Return-Path: <DQuevedo@uniFON.com.ar>
Envelope-To: python-list-request@python.org
Received: from [200.16.211.167] (helo=estcp.tcp.com.ar)
        by mail.python.org with esmtp (Exim 4.05)
        id 17rK7U-0007e7-00
        for python-list-request@python.org; Tue, 17 Sep 2002 11:18:32 -0400
Received: by noticias.unifon.com.ar with Internet Mail Service (5.5.2653.19)
        id <S6X3XHKB>; Tue, 17 Sep 2002 12:15:11 -0300
Message-ID: <A128D751272CD411BC9200508BC2194D019B6215@escpl.tcp.com.ar>
From: "Quevedo, Diego" <DQuevedo@uniFON.com.ar>
To: "'python-list-request@python.org'" <python-list-request@python.org>
Subject: subscribe
Date: Tue, 17 Sep 2002 12:15:33 -0300
Return-Receipt-To: "Quevedo, Diego" <DQuevedo@uniFON.com.ar>
MIME-Version: 1.0
X-Mailer: Internet Mail Service (5.5.2653.19)
Content-Type: multipart/alternative;
        boundary="----_=_NextPart_001_01C25E5D.1189FAE0"
"""

and here is the text/plain part:

"""
subscribe


Diego Quevedo
Gesti?n de Red
Tel: (54-11) 4324-9103
Cel: 15-5132-0135
dquevedo@unifon.com.ar
unifon








. . . . . . . . . . . . . . . . . . . . . . . . . . . . . . . . . . . . . .
. . . . . . . . . . . . . . . . . . . . . . . . . . . . . . . . . . . . . .
. . . . . . . . . . . . . . .
ADVERTENCIA

La informaci?n contenida en este mensaje y cualquier archivo anexo al mismo,
son para uso exclusivo del destinatario y pueden contener informaci?n
confidencial o propietaria, cuya divulgaci?n es sancionada por la ley.

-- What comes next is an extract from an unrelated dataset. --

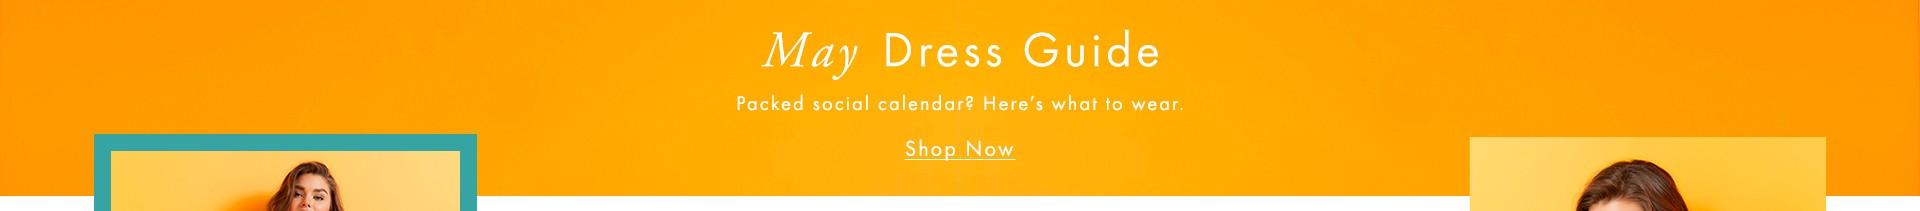 May Dress Guide

Si Ud. No es uno de los destinatarios consignados o la persona responsable
de hacer llegar este mensaje a los destinatarios consignados, no est?
autorizado a divulgar, copiar, distribuir o retener informaci?n (o parte de
ella) contenida en este mensaje. Por favor notif?quenos respondiendo al
remitente, borre el mensaje original y borre las copias (impresas o grabadas
en cualquier medio magn?tico) que pueda haber realizado del mismo.

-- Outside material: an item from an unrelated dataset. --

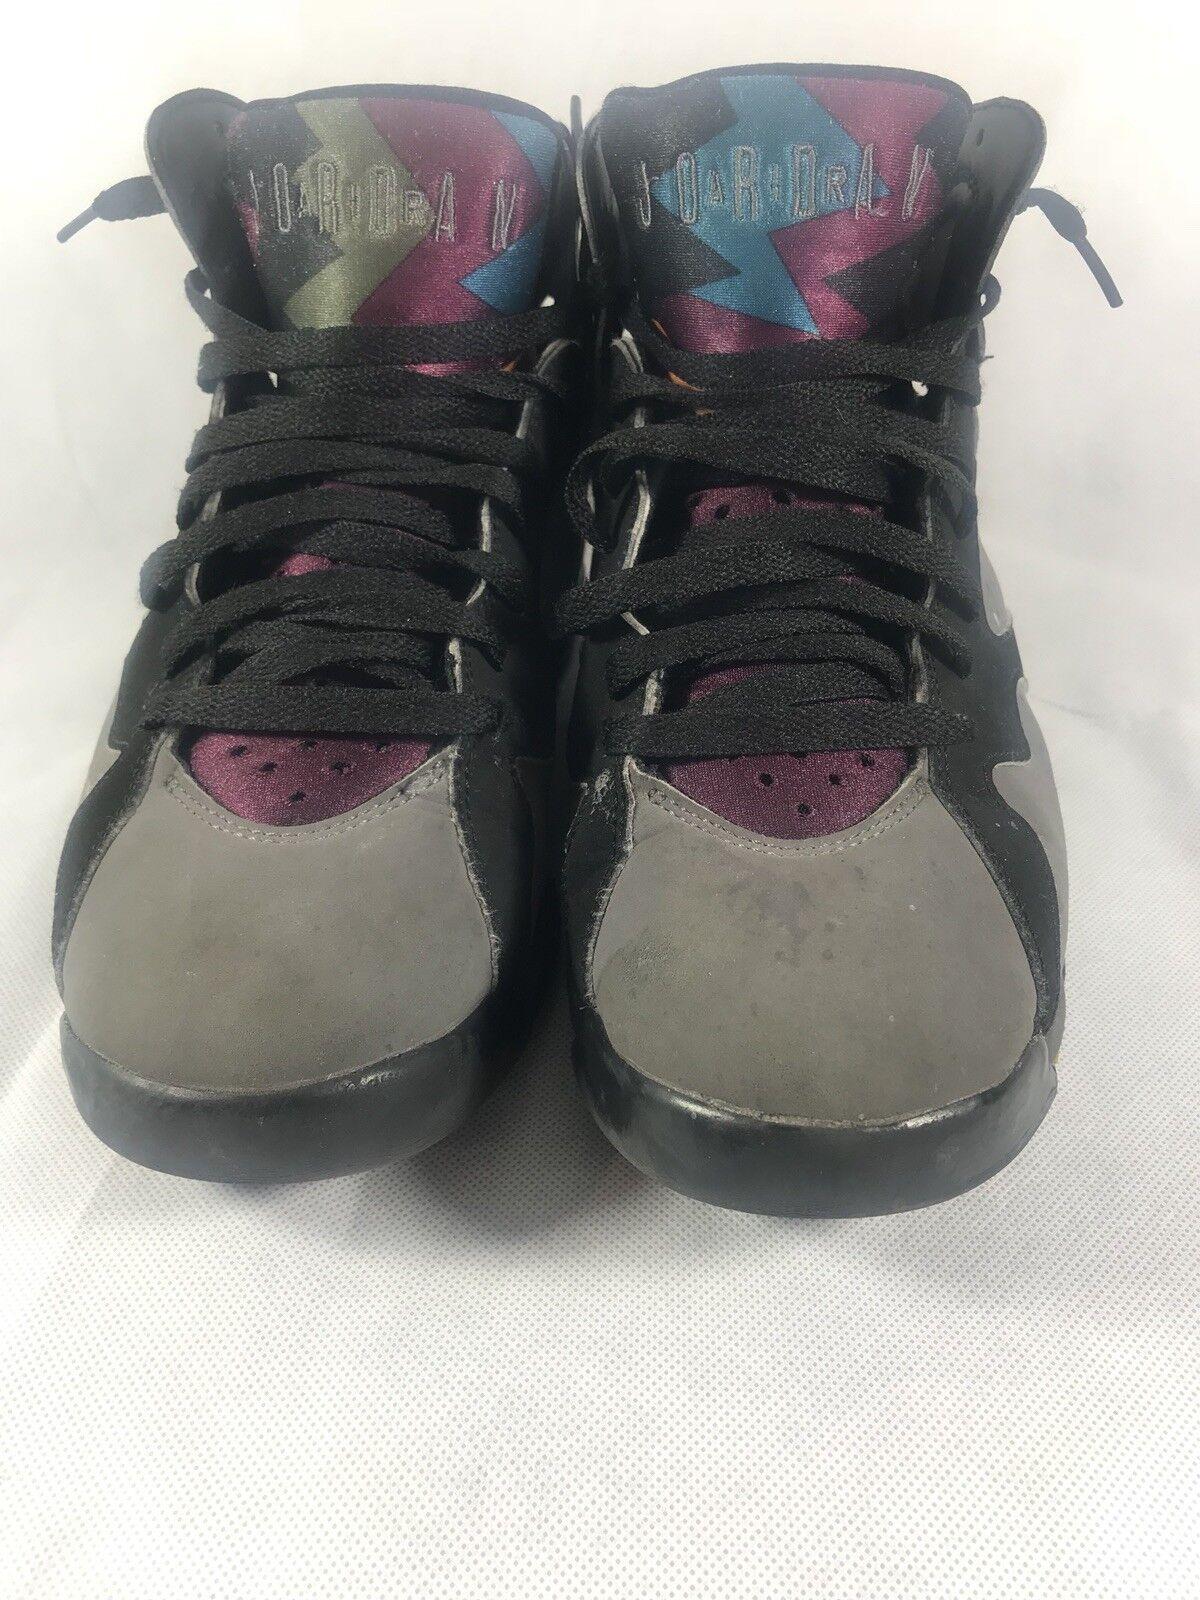 2015 Nike Air Jordan Retro 7 Bordeaux Size 8.5

Todas las opiniones contenidas en este mail son propias del autor del
mensaje y no necesariamente coinciden con las de Telef?nica Comunicaciones
Personales S.A. o alguna empresa asociada.

Los mensajes electr?nicos pueden ser alterados, motivo por el cual
Telef?nica Comunicaciones Personales S.A. no aceptar? ninguna obligaci?n
cualquiera sea el resultante de este mensaje.

Muchas Gracias.
"""

And I'm not even showing the text/html part -- good *grief*!

        Greg
-- 
Greg Ward <gward@python.net>                         http://www.gerg.ca/
Yield to temptation; it may not pass your way again.